The past two days, the temperature in New York was crowding 70. By this morning – well, have you looked outside? Do not leave the house without your boots on.
Is the climate changing dramatically? Is the change worth worrying about? How much of it is caused by humans? Al Gore isn’t the only one with questions like these on his mind.
Wednesday night, with the Park Avenue Fahrenheit still at 66.9, several hundred well-dressed New Yorkers packed an auditorium at the Asia Society to watch a three-on-three panel debate the proposition: “Global warming is not a crisis.”
The event, brought here from London by Robert Rosenkranz, was part of a series called Intelligence Squared, usually written IQ2 U.S. Besides being chairman and chief executive of the Delphi Group, an information-technology consulting firm, Rosenkranz is known as a big-dollar sugar daddy to the Manhattan Institute, the American Enterprise Institute and other right-leaning opinion-shapers.
But with IQ2 U.S., Rosenkranz says he isn’t trying to promote any ideological agenda; he only wants to spur smart and vigorous debate.
“Debate has its own value,” Rosenkranz said in an interview yesterday. “It sharpens argument on both sides. If you spend your life hanging out only with people you agree with, it’s easy to get sloppy in your thinking. I just felt there was something missing in the public discourse.”
There was certainly no lack of vigor on Wednesday night, and votes were taken before and after the debate.
The panelists included five scientists and physician-author Michael Crichton, the “Jurassic Park” novelist and “ER” creator, whose latest novel, “State of Fear,” roundly ridicules global-warming jitters. By the time the opening statements were over, they were slashing at each other like “McLaughlin Group” panelists.
In an elevated tone, of course.
At one point, University of London bio-geographer Philip Stott and climate modeler Gavin Schmidt from NASA’s Goddard Institute almost sounded ready to take things outside.
For further vigorous discussion.
None of the panelists disputed the assertion that the world’s climate is changing or that humans are partly responsible. Those things, all agreed, always have been true.
“The weather is very different today,” said Crichton, a Roslyn High School graduate. “On Long Island, we used to get off for school for hurricanes.”

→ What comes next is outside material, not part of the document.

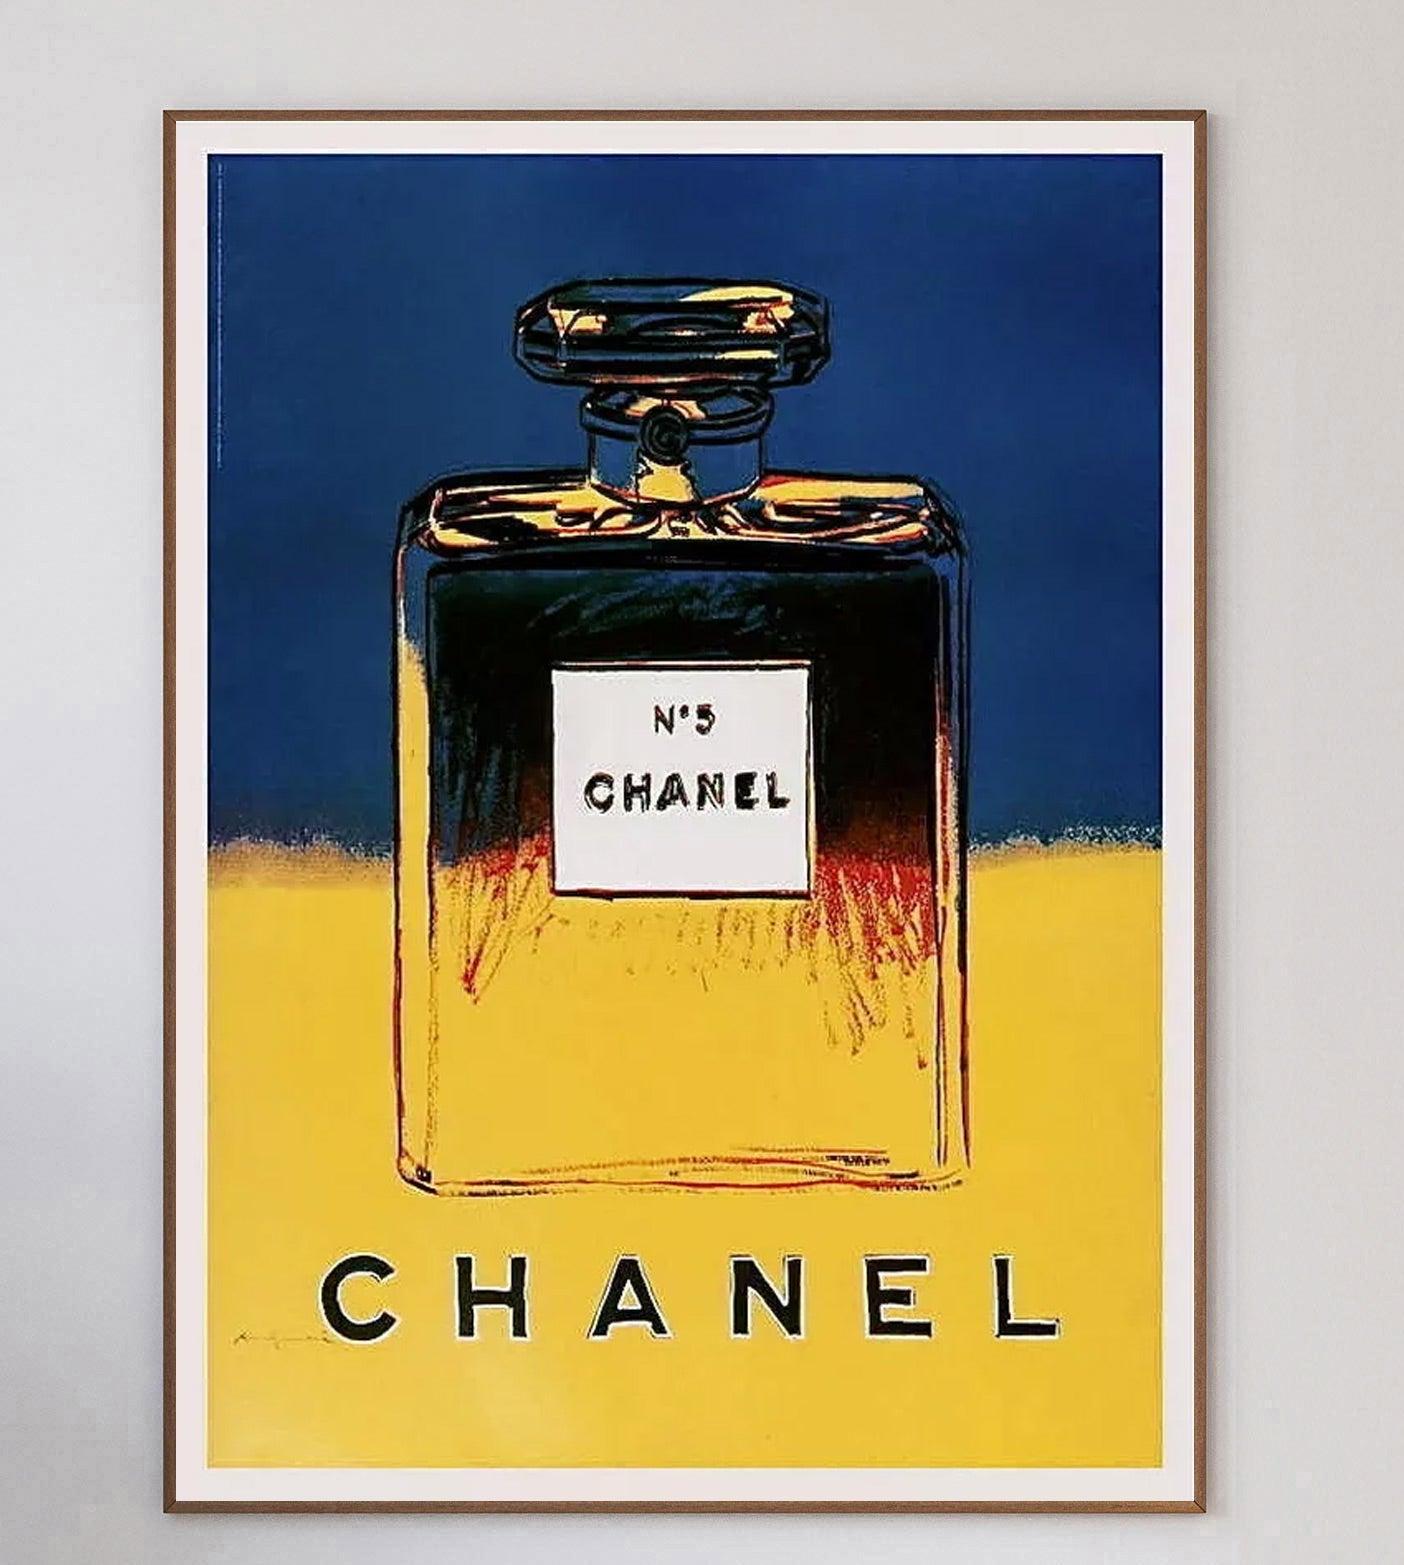 Eine wahrhaft ikonische Collaboration zwischen Andy Warhol und Chanel no.5 begann 1985, als Warhol eine Auswahl von Siebdrucken als Teil seiner ADS-Serie produzierte. Die Stücke wurden dann von Chanel als Teil einer breiteren Werbekampagne im Jahr

But that’s where the comity stopped. The no-crisis panelists argued strenuously that the catastrophe is nowhere near and that efforts to solve the alleged crisis will only make thing worse. That’s the thing to be alarmed about, they said.

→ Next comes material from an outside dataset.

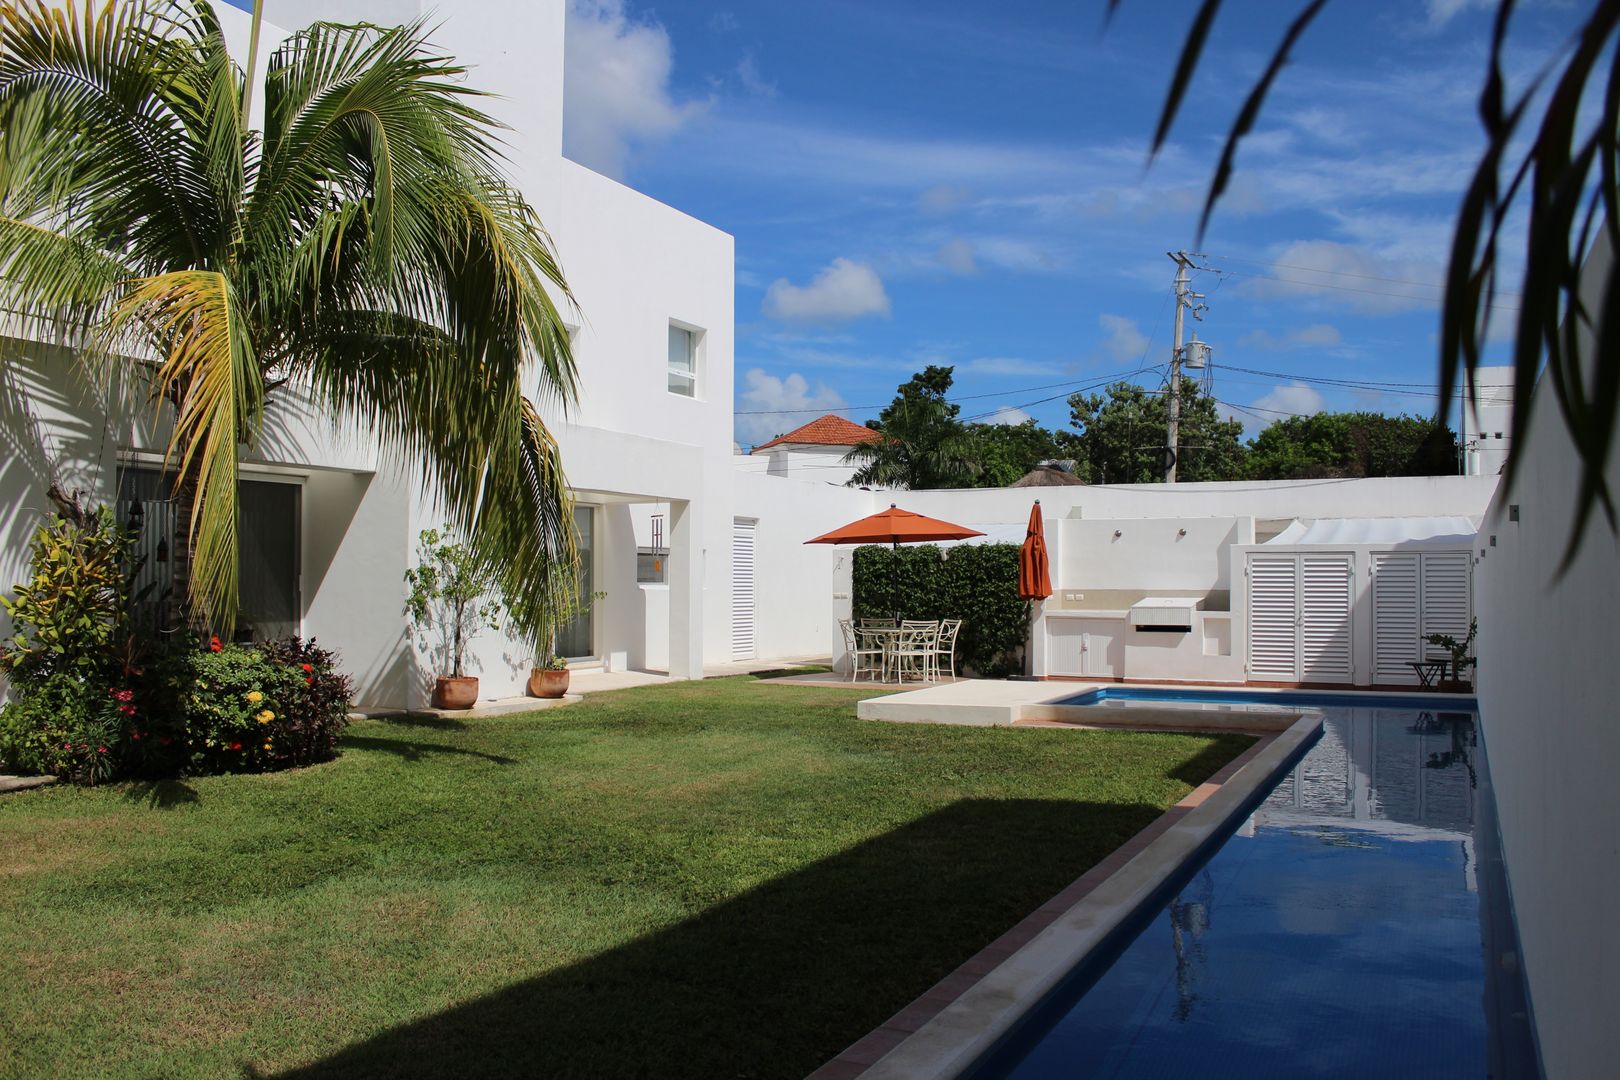 Casa habitacion en en Cozumel Quintana Roo, A2 HOMES SA DE CV A2 HOMES SA DE CV บ้านและที่อยู่อาศัย

The yes-it-is-a-crisis debaters said the deniers were only kidding themselves. Fossil fuels and other byproducts of modern life, they argued, are seriously threatening the health of the Earth. The longer we wait to act, they said, the worse the damage will be.

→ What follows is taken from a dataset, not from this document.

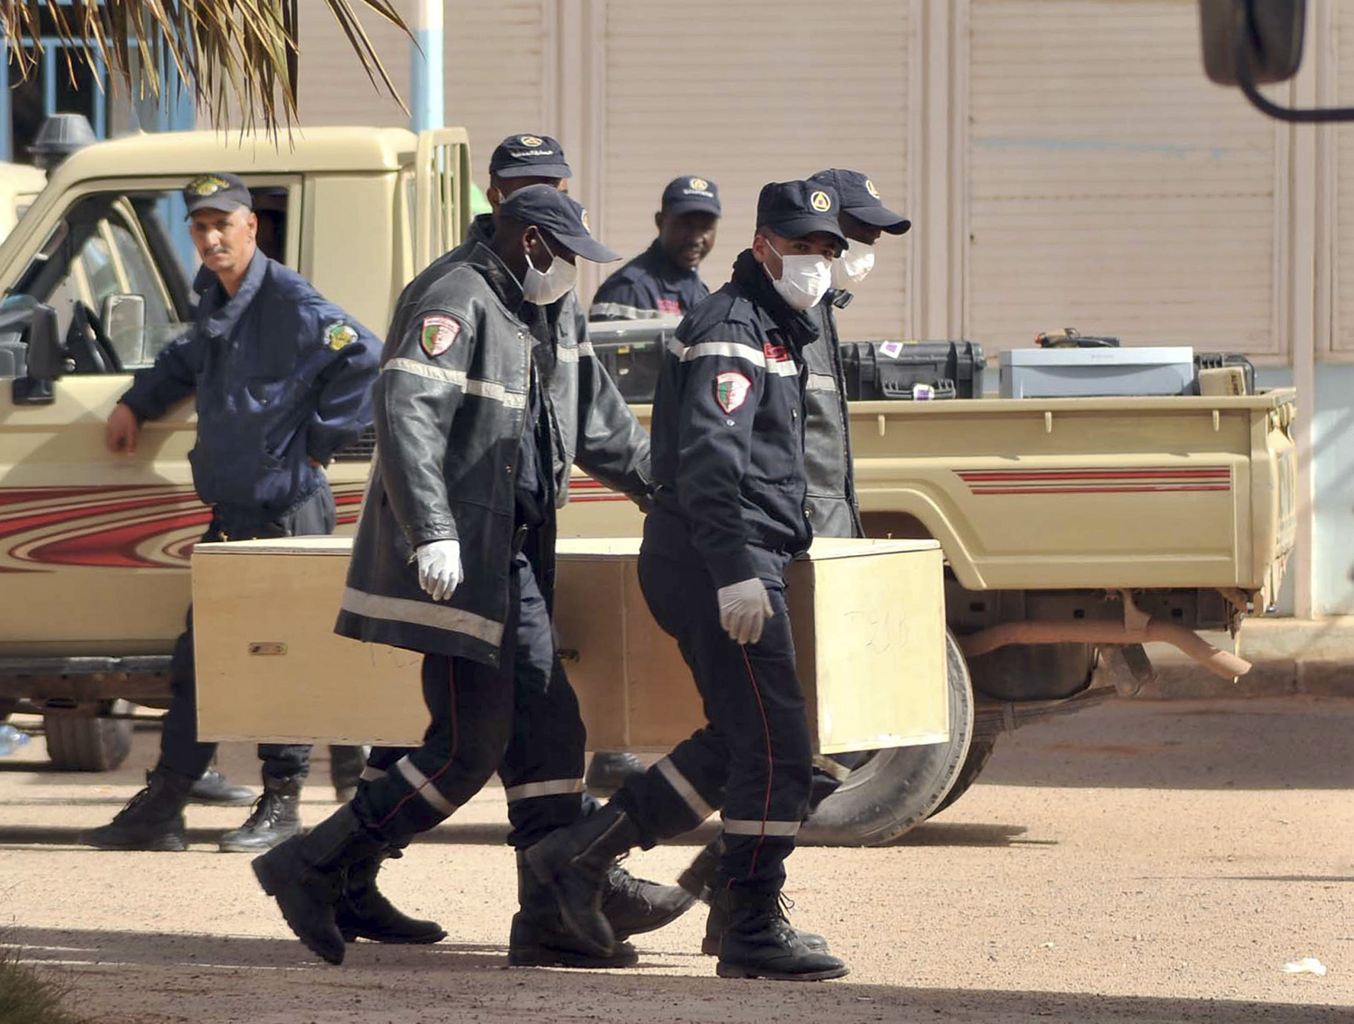 阿尔及利亚人质事件致37名外国人遇难 两加拿大人参与劫持事件

This issue will never be resolved in one brainy evening, even one as pointed and personal as this. In the previous five IQ2 U.S. debates, there hadn’t been all that much mind-changing in the room. But this time, there was.
Before the debate, not-a-crisis got 30 percent of the vote. After, the number rose to 46 percent. The is-a-crisis tally dropped from 57 to 42. The undecideds dipped slightly, from 13 to 12.
Was it Crichton’s star power? Was it manic energy of the arm-waving Stott? Or was there something in the argument, the crowd or the before-and-after ballot?
Either way, Rosenkranz was sounding like a proud papa as he reviewed the night.
“This was a thrilling thing to see,” he said. “To me, it just really showed we were doing what we’d set out to do, which is create an environment where people at least develop respect for the opposing view. If they change their minds, that is even greater. It shows a terrific degree of open-mindedness and thoughtfulness about these various issues. But even if we can just increase the humility we have about our own views and our respect for those with opposing views – what’s wrong with that?”
Open-mindedness, thoughtfulness, humility … when was the last someone was talking like that about politics?